Decalogue

Decalgoue is a Polish TV series that allows for deep reflection and analysis after each episode. In the first episode, a father puts all of his belief and knowledge into a computer system. His young son wishes to play on the frozen pond and the father performs a calculation to see if the ice will be able to hold his son's weight. After doing the calculation he comes to the conclusion that the ice will in fact be able to withstand the weight. Unfortunately and to his son's detriment, the ice does give out and the boy falls through and drowns. The father can't understand where he went wrong because the calculation was accurate. However, his problem is just that. He is only concerned with the numbers he plugged in and why it failed to prove true. Even before his son asked him what it meant to die. The father responded emotionless and bluntly that it was when your heart stopped beating and life left your body. The father lived in the prfoane and very rarely lets any elements of the sacred intervene. He goes to the church after his son's death and throws the table with candles over. The audience sees the wax run down the Virgin Mary's cheeks but the father pays little attention to this. The goal of the film is to instigate madrash. Midrash allows for us to reflect on the film and make it personal to our own lives. Yes God knows who will die and when but it does not mean he doesn't weep along side of us when such hardships occurs. Film doesn't just tell you the moral of the story directly and spell it all out for you. It is a medium of art that is suppose to ignite passion and reflection and cause you to apply it to your own life. Religion can mean very little to you when you don't try to integrate it in your own life.

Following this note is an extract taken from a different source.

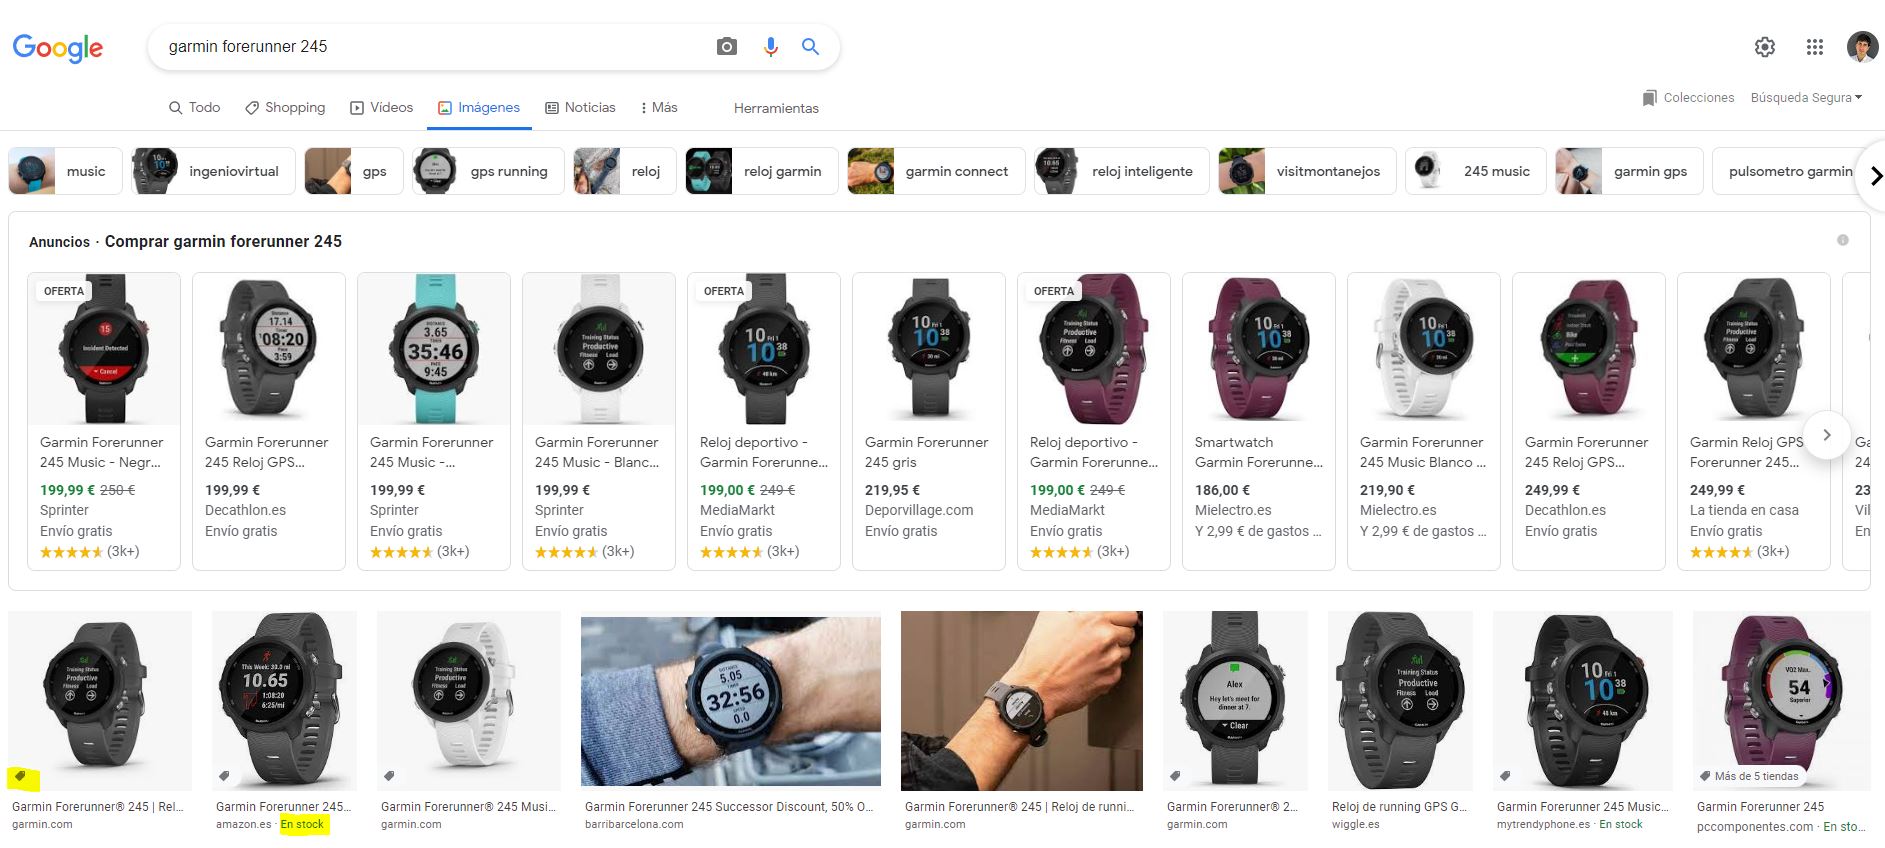 google shopping on google images

The second episode we watched followed the commandment of "Thou Shall not Kill". In this episode a young man kills a taxi driver and then is killed by the state as a punishment. This allows for deeper reflection on this commandment. We are told not to kill or murder people but end up killing or murdering people as a punishment. Wars and death penalties are excellent examples of this. How do you justify either? Thousands of Americans were killed during 911 yet thousands of civilians have died amidst the war that resulted from the terrorist attack. It is a law that citizens are not allowed to kill people but if they do, they receive the death penalty. Midrash occurs as Kieslowski keeps these films very basic and without too much dialogue, scenery, and characters to let the audience think for themselves. This last film did just that for me. I don't really know if our country follows its own rules or if it has to be like this to set the precedent. Though the films seemed a little a harder to follow and not as exciting at some points, I see the rational behind such doing.